Complicating the simple question of the efficacy of AI products is that "GPT-4 can still be vulnerable to adversarial attacks and exploits or, “jailbreaks.”  Nor does OpenAI yet have the means to prevent the breaking of their products by rogue prompts intended to bypass any safeguards built into GPT-4. [Ibid, pg.28]

We will continue to learn from deployment and will update our models to make them safer and more aligned. This will include incorporating lessons from real-world data and usage, including instances of adversarial system messages that we detect early in the process of ramping up model access

The Internet would apparently agree that GPT-4 is indeed vulnerable to jailbreaking.  As much as the OpenAI System card would want readers to believe that GPT-4 is less likely to respond to jailbreaking, a simple Google search reveals that jailbreaking of GPT-4 has become quite a cottage industry. 

More disturbing is that GPT-4 is vulnerable to a new form of abuse known as prompt injection attacks.  The prompt is how a user communicates with the AI.  In the prompt injection attack, a bad actor is manipulating a prompt in order to cause the AI to react in ways not imagined by the original user.

Prompt injection is an attack vector that takes a trusted input, like a prompt to a chatbot, and adds an untrusted input on top. This makes the program accept the trusted input along with the untrusted input, allowing the user to bypass the LLM’s programming.

A prompt written to produce a desired and predictable output is an example of "prompt engineering."  Attackers can hide their malicious codes on websites under their control, and then direct the AI to scrape the malicious data along with other data to exploit vulnerabilities in application websites like the Bing AI CoPilot.  This will attack will "inject prompts from an external source, thereby widening the attack vectors available for hackers," according to Prompt Injection Threat is Real, Will Turn LLMs into Monster, March 2, 2023.
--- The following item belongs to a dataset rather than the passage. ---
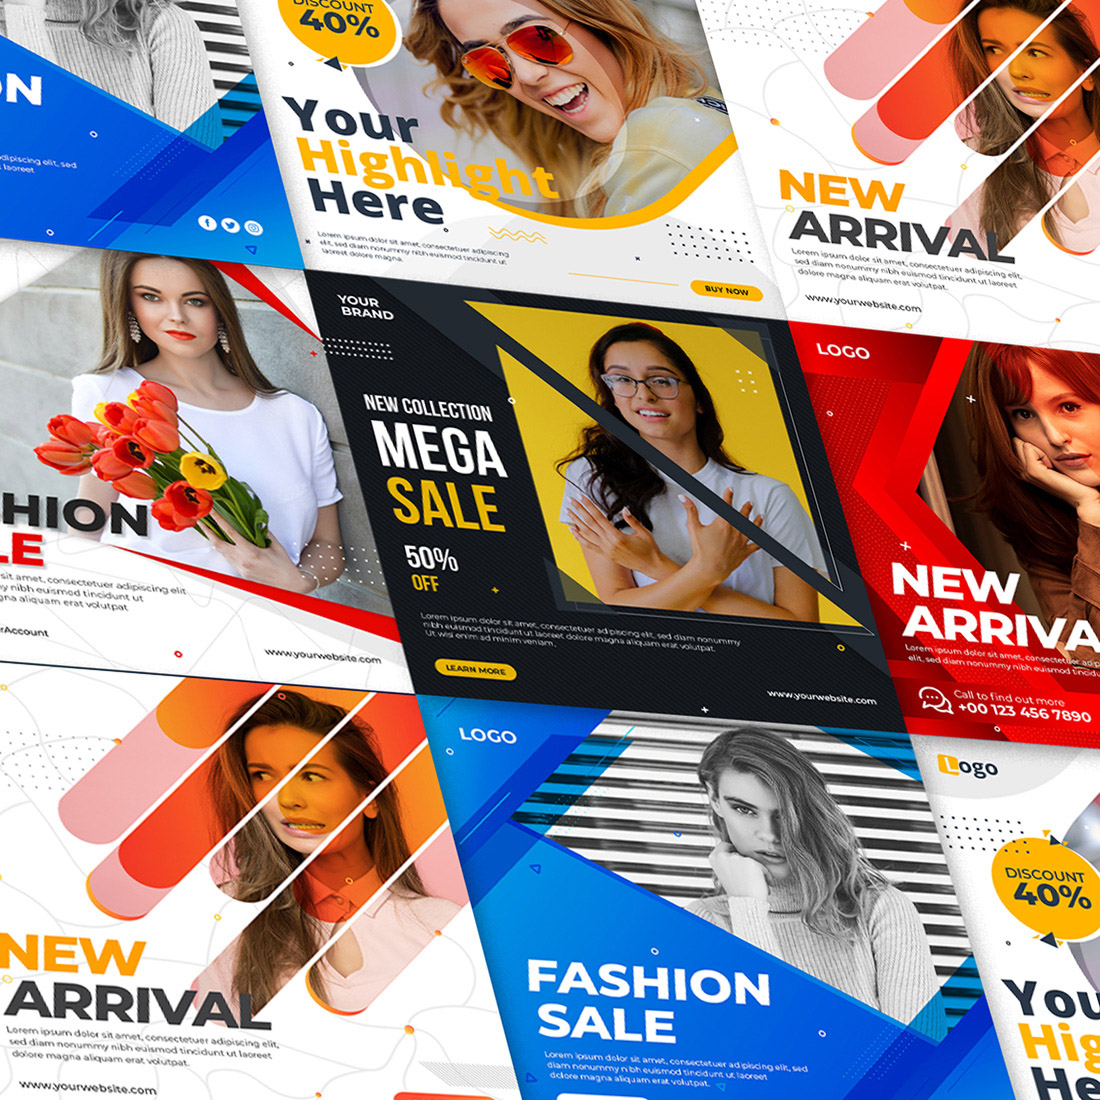 Fashion Sale Promotion Banner or Square Flyer for Social Media Post 6 Set Template cover image.

By injecting a prompt into a document that is likely to be retrieved by the LLM during inference, malicious actors can execute the prompt indirectly without additional input from the user. The engineered prompt can then be used to collect user information, turning the LLM into a method to execute a social engineering attack.
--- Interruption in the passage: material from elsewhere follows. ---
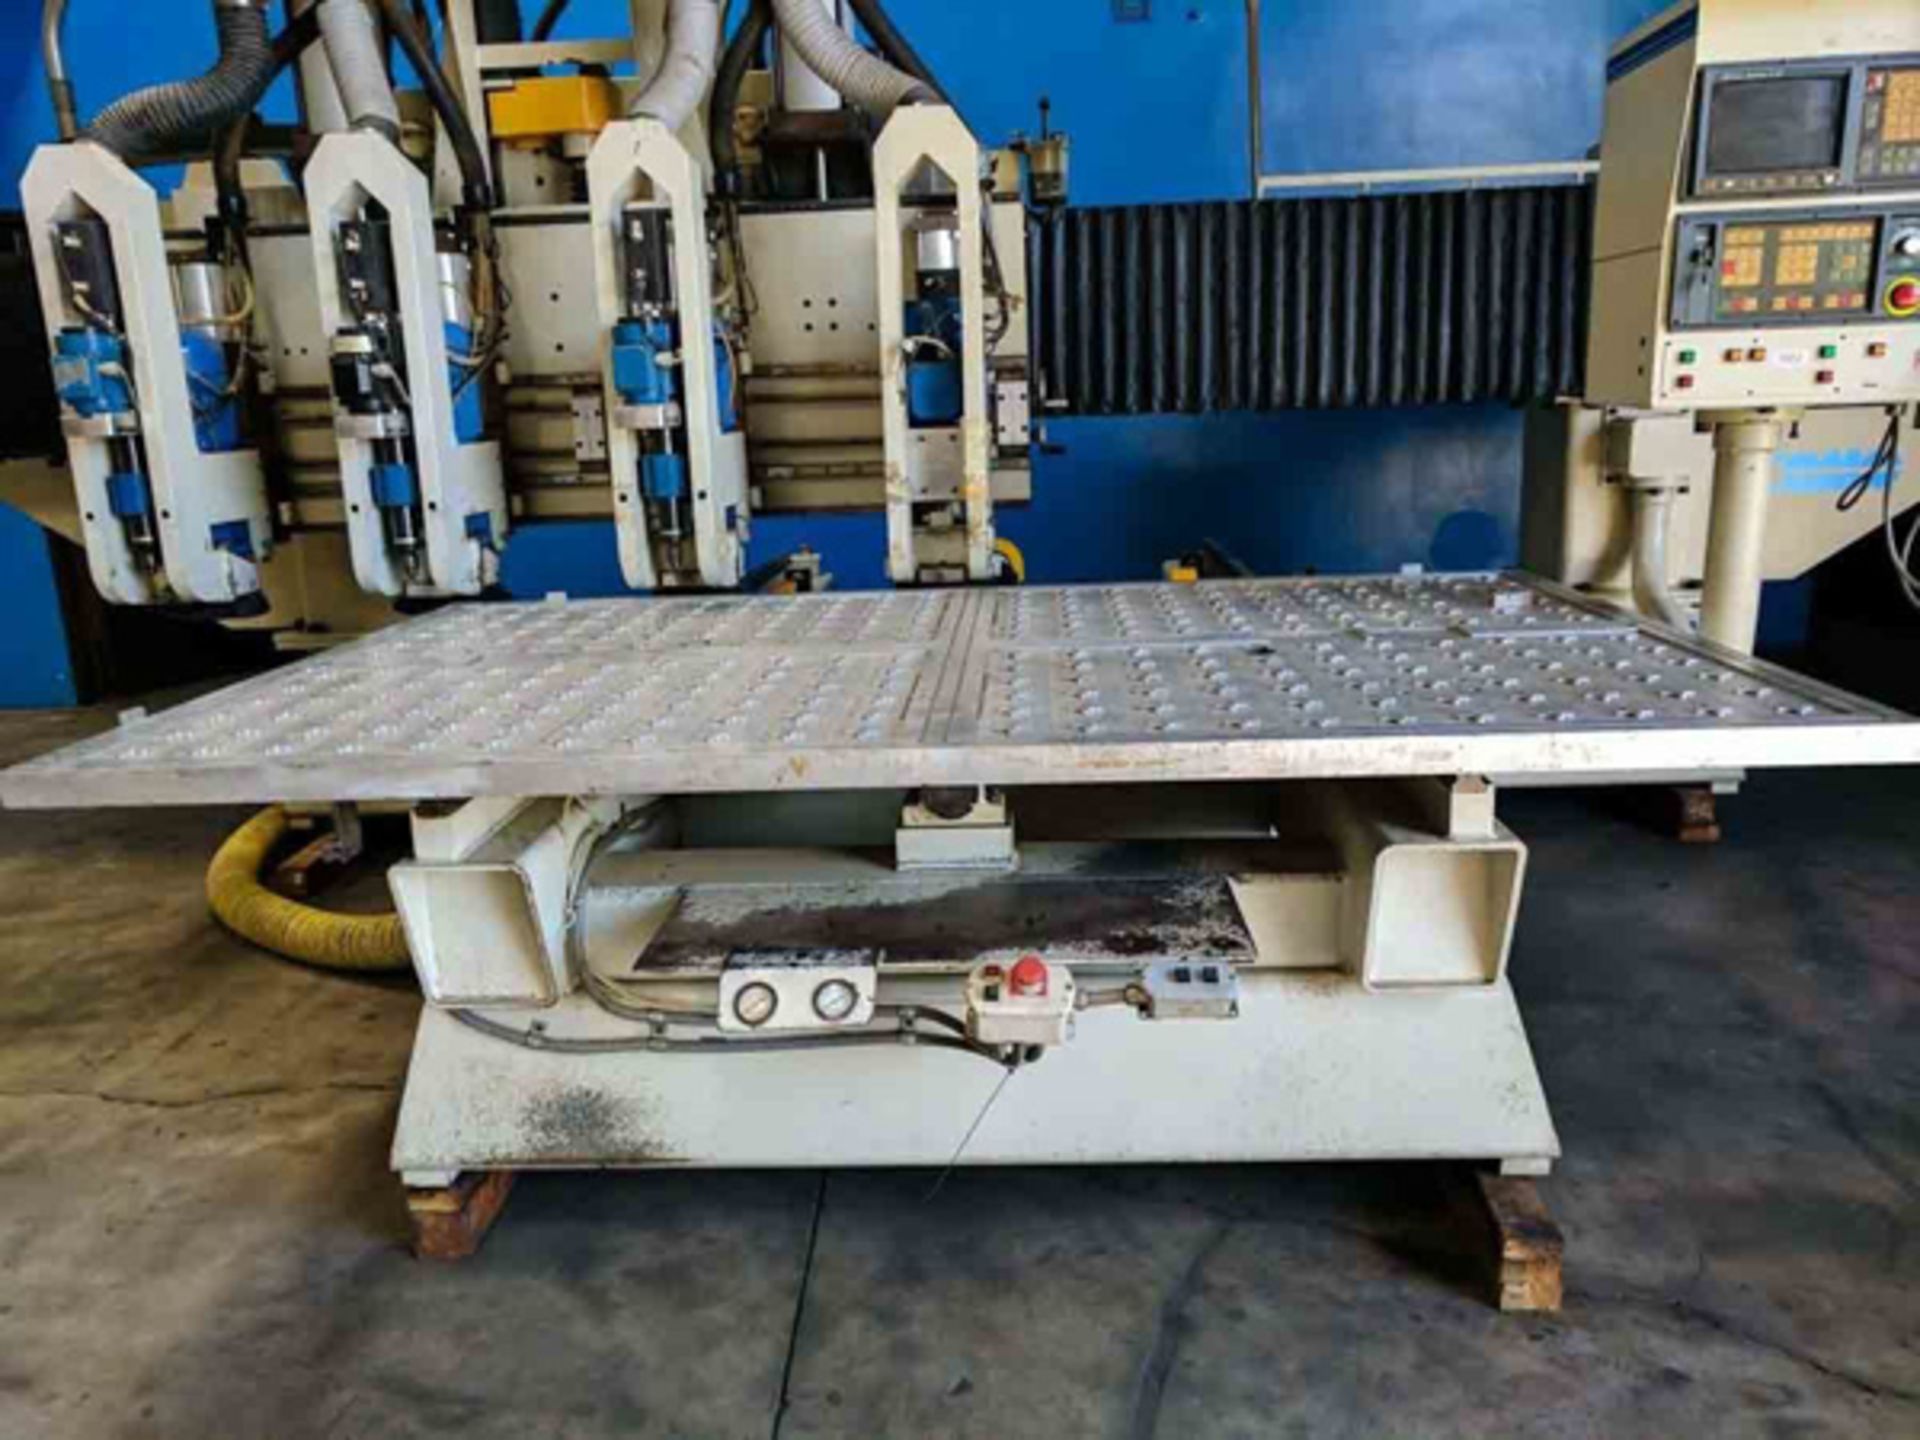 1990 Komo CNC Table Router | 96" x 60" x 8", Mdl: VR805Q, S/N: 1552 - 3562JVHP - Image 20 of 25

The Internet has several websites dedicated to Proof of Concept (PoC) samples of such attacks.  Jailbreakchat.com is such a website. 

Websites have been found that have instructions hidden in tiny image files that will send commands to the AI.  Systemweakness.com has demonstrated how what it calls "Public data poisoning." 
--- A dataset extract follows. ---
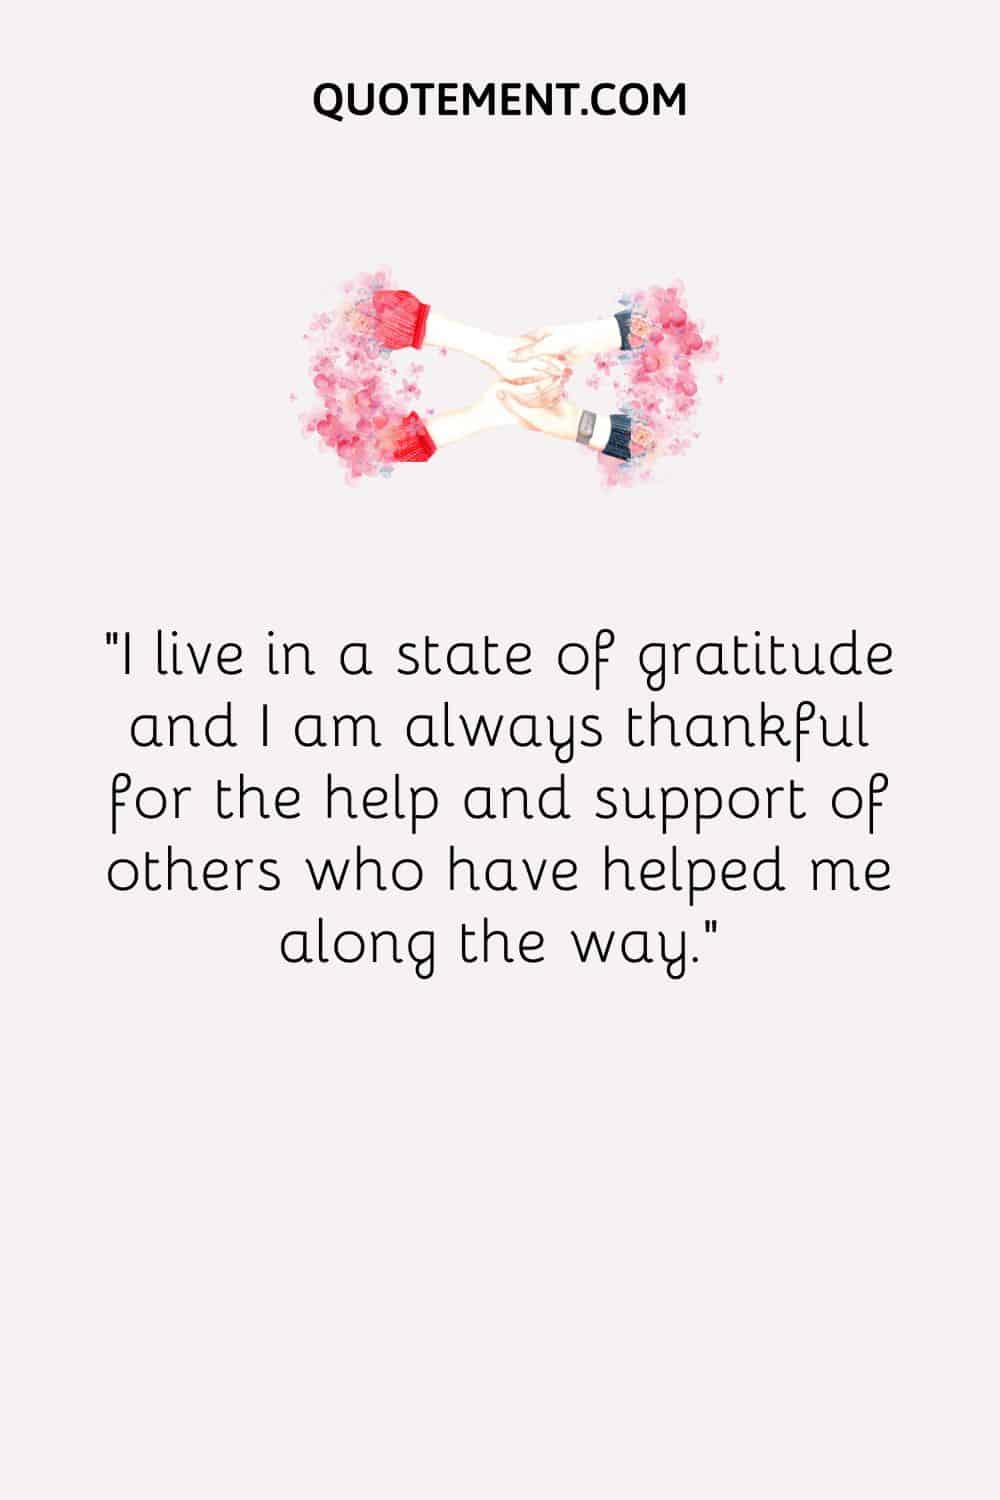 I live in a state of gratitude and I am always thankful for the help and support of others who have helped me along the way

All people do copy-pastes, but in fact very few of them look carefully at what they actually paste. An attacker can easily add a javascript code which will intercept all copy events for the text element or even for the whole webpage and inject a malicious ChatGPT prompt into the copied text.

And the article referenced gives examples of snippets of code to accomplish the hack.  And then lists the "Possible consequences: 1. Sensitive data leakage including full prompts, code, passwords, API keys. 2. Inserting phishing links into ChatGPT output. 3. Polluting ChatGPT output with garbage images."

The question facing those who would suggest any regulatory schemes for governing AI is to what degree should OpenAI, and the other vendors of AI products, be held accountable for abuse and misuse of their products?  There are two models of successful industry regulation by Uncle Sam: the automobile industry and the tobacco industry.  In those cases, both government and the courts held those responsible for harms caused by their products liable both legally and monetarily.  The is the only form of effective regulation are those regulations that come with teeth.